__GIVEN RECORDS__.

════════

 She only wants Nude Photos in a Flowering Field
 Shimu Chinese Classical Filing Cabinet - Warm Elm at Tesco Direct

════════

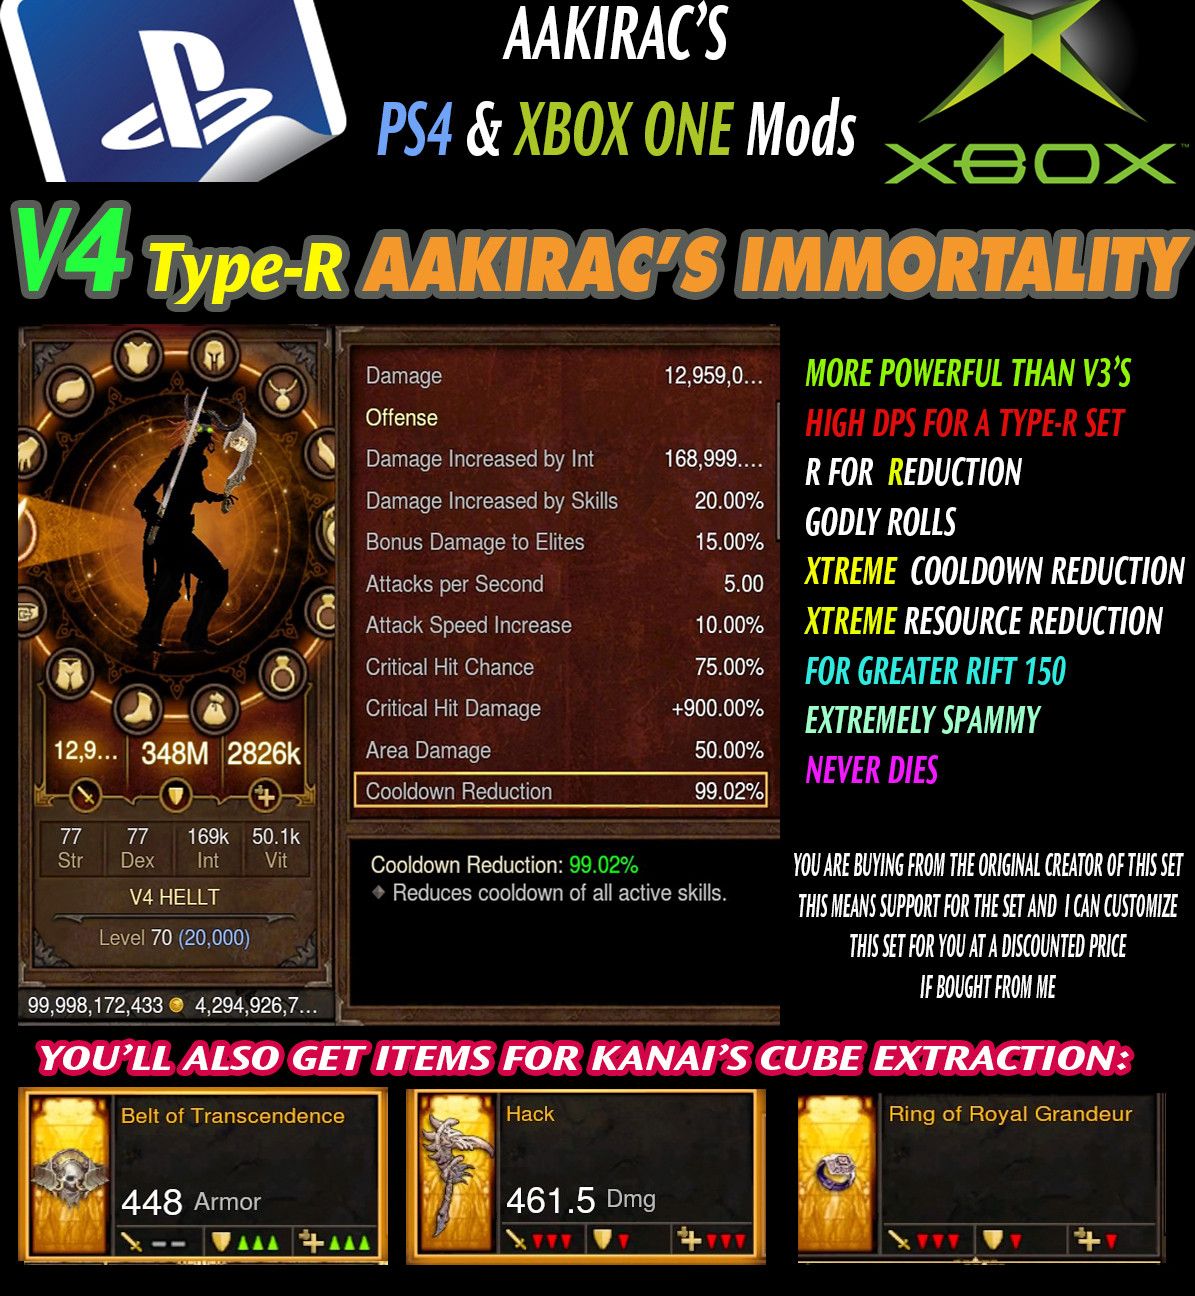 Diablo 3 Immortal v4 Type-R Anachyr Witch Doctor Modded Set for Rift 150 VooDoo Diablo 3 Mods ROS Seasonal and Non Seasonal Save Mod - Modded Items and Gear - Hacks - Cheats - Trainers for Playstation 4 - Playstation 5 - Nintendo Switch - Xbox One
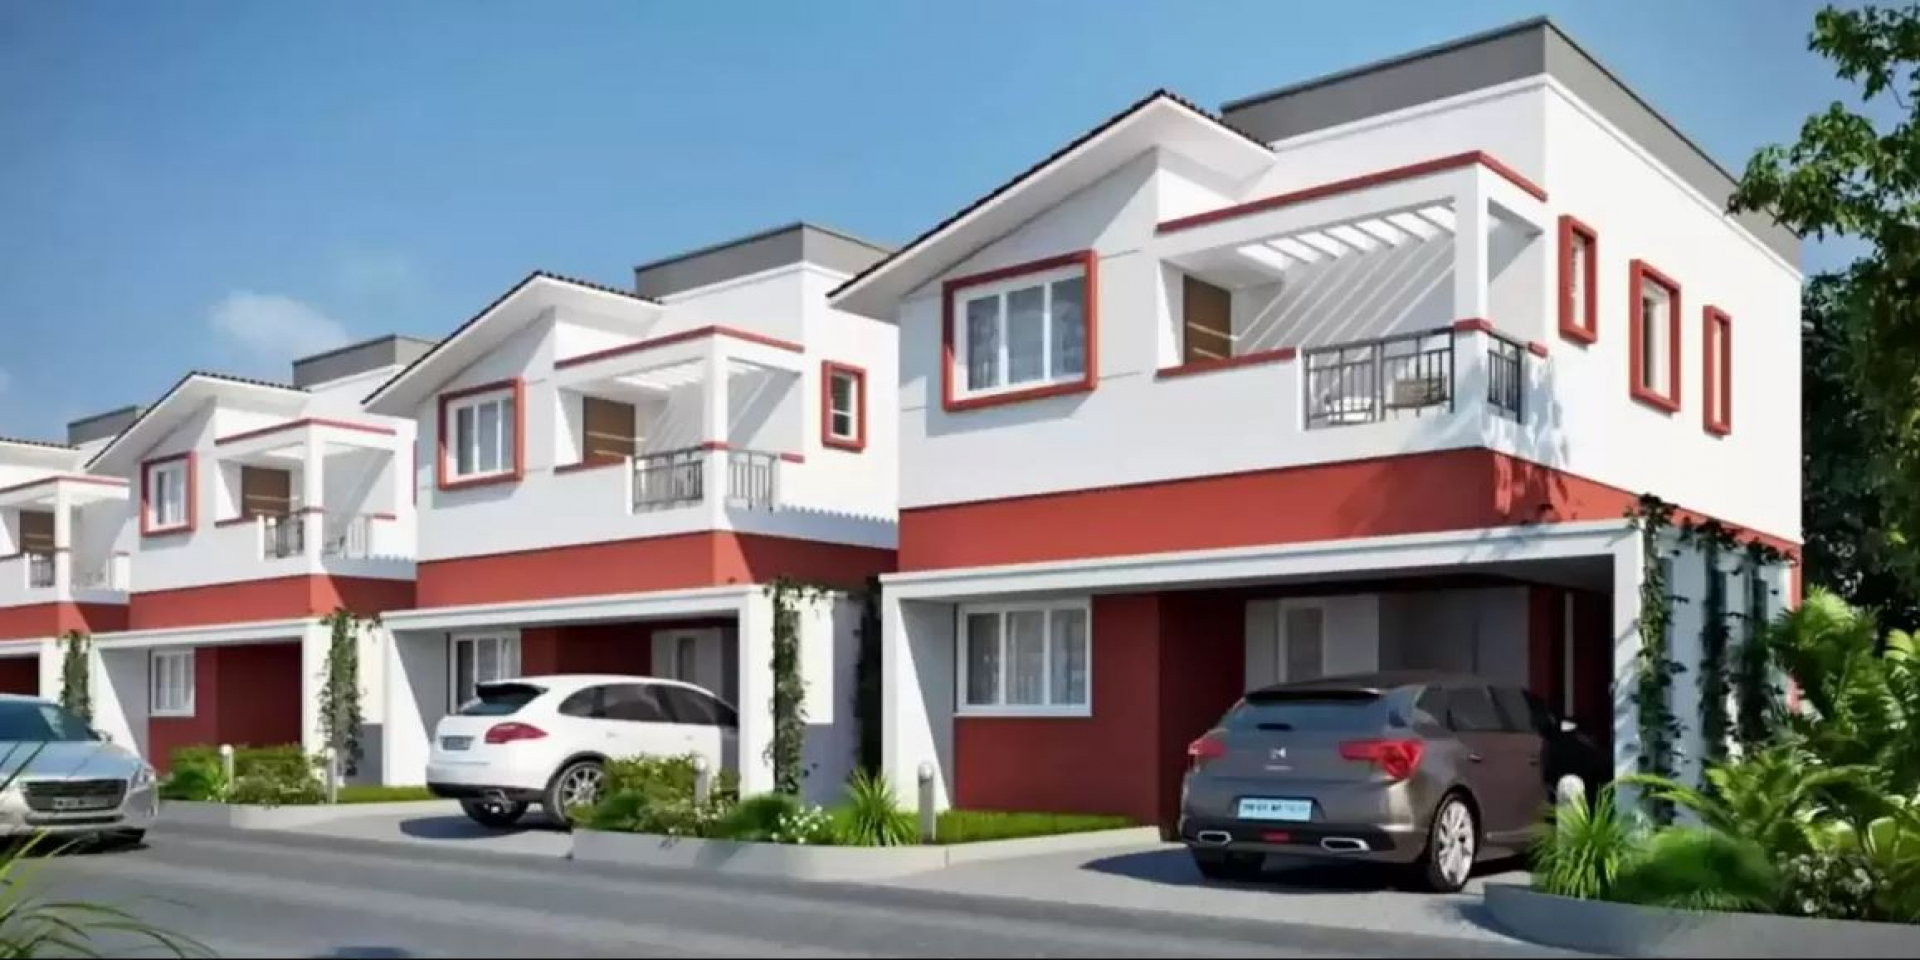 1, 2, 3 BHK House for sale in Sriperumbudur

════════

__ABOUT THIS EXERCISE__.
Repeat word for word the lines above that run from the line containing "She only wants" through the line containing "Shimu Chinese Classical", both ends included, and nothing else.

__OUTPUT OF THE TASK__.
 She only wants Nude Photos in a Flowering Field
 Shimu Chinese Classical Filing Cabinet - Warm Elm at Tesco Direct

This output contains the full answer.